Both `X` and `y` have to be encoded in numerical form. 
In order to transform the text of the descriptions we make use of the `CountVectorizer`.

For the vector holding the labels we just have to ensure it is an `int`.


In [None]:
import numpy as np
from sklearn.feature_extraction.text import CountVectorizer
count_vect = CountVectorizer()

X = count_vect.fit_transform(df['store_description'].apply(lambda x: np.str_(x)))
y = df['ml_labels'].astype(int)
X.shape
y.shape


(620863,)

In [None]:
# This shows you how the samples have been transformed from text into a numerical 
# represenation. If you want to see the full output you have to write it to a file.
X[1:10].todense()

matrix([[0, 0, 0, ..., 0, 0, 0],
        [0, 0, 0, ..., 0, 0, 0],
        [0, 0, 0, ..., 0, 0, 0],
        ...,
        [0, 0, 0, ..., 0, 0, 0],
        [0, 0, 0, ..., 0, 0, 0],
        [0, 0, 0, ..., 0, 0, 0]])

### Exercise: Train and Test Sets
Take the input X and y and create a train and test version that we can use to create the first classifiers. 

In [None]:
from sklearn.model_selection import train_test_split

X_train, X_test, y_train, y_test = train_test_split(X, y, test_size=0.4, random_state=54)
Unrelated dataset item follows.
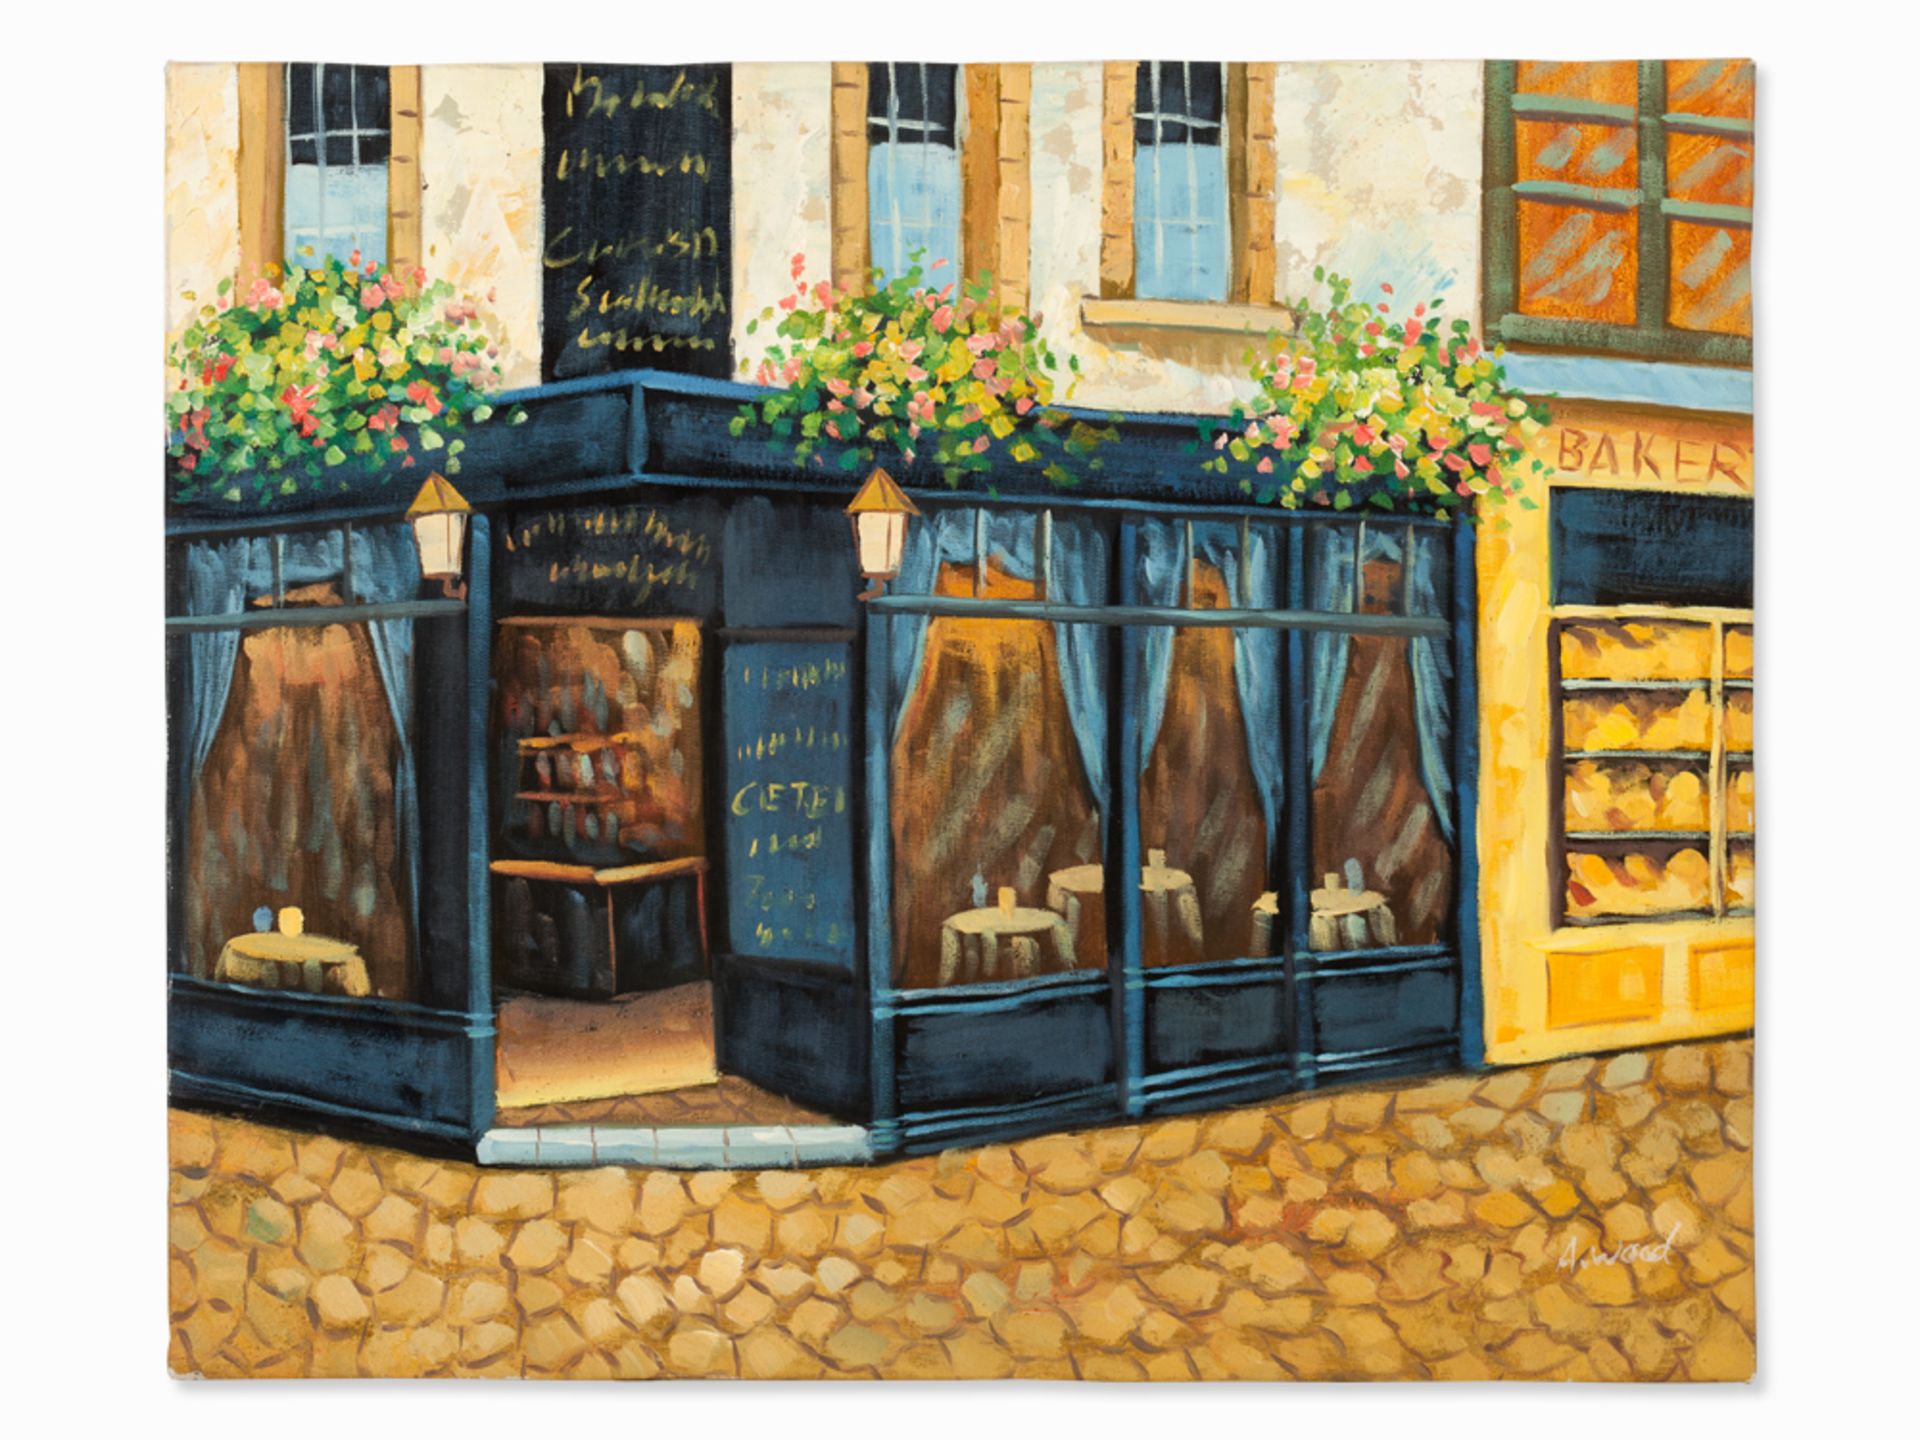 A. Wood, Oil Painting, Sidewalk Cafe, England, c. 2000

# Training and Scoring the Classifier Model

After the all the hard work we have done above, the actual training and scoring of the classifier is very simple. 

As shown below, all we have to do is to call the `fit()` method with the input of the samples `X` and their labels `y`. 

Afterwards we measure by calling the `score()` method. 


In [None]:
from sklearn.naive_bayes import MultinomialNB
clf = MultinomialNB().fit(X_train, y_train)
clf.score(X_test, y_test)

0.9485475908611373

# Practical Part Deliverables

As part of the grading for Principles of  Machine Learning each group has to complete the following steps:

### 1. Create a labelled dataset

Following the schema shown above, map your chosen categories to keywords and create labels in an ml_labels column.

After you have finished this process export your resulting dataframe as a `csv` file (example code for this is contained in this notebook). 

### 2. Train a classifier

If you want you can use the same sample code contained in this notebook to train your first classifier based on your labelling. You can also look at the sci-kit learn documentation and try your hand at other classifiers (this is not required from a grading perspective).

### 3. Measure correctly

In the above example code we train and measure on the test set. This is already a good approach, and depending on the size of your test data can give meaningful results.
Explore another way to measure by applying cross-validation when measuring. 

### 4. Interprete the process and your results

Provide a short (not more than 10 sentences) written interpretation of the observed result and the process that we have used to create our classifier. 

Do you see any potential problems in the semi_supervised keyword labeling shortcut we have used?

How would you interpret the observed results? Could the classifier be used for the discussed purpose of doing some preliminary competitive analysis (e.g. what is my competition in this area, how many shops exist that serve the products I target)


## Interpretation of the process and our results

Write your input below.

## 3. Measuring Correctly

Provide your baseline measurements:
- Train/test split based measurements:
    - Split Ratio:
    - Accuracy:
- Cross-Validation measurements:
    - Number of Folds:
    - Accuracy:


## 4. Interprete the process and your results

- What is your general interpretation of the results? Are they good, bad, mediocre? Describe briefly.

...

- Do you see any potential problems in the semi_supervised keyword labeling shortcut that was used?


...

- How would you interpret the observed results? Could the classifier be used for your intended purpose? 

...


- What could be done to improve the performance of your classifier?

...

## Hand-in Procedure

The hand-in for each group consists of the CSV file containing your labelled version of the dataframe, and your version of this notebook.

Place the notebook file and the CSV file in a Zip file and upload it to the teams channel for Part II of the practical project. 

The name of the zip file should contain the last names of the group members.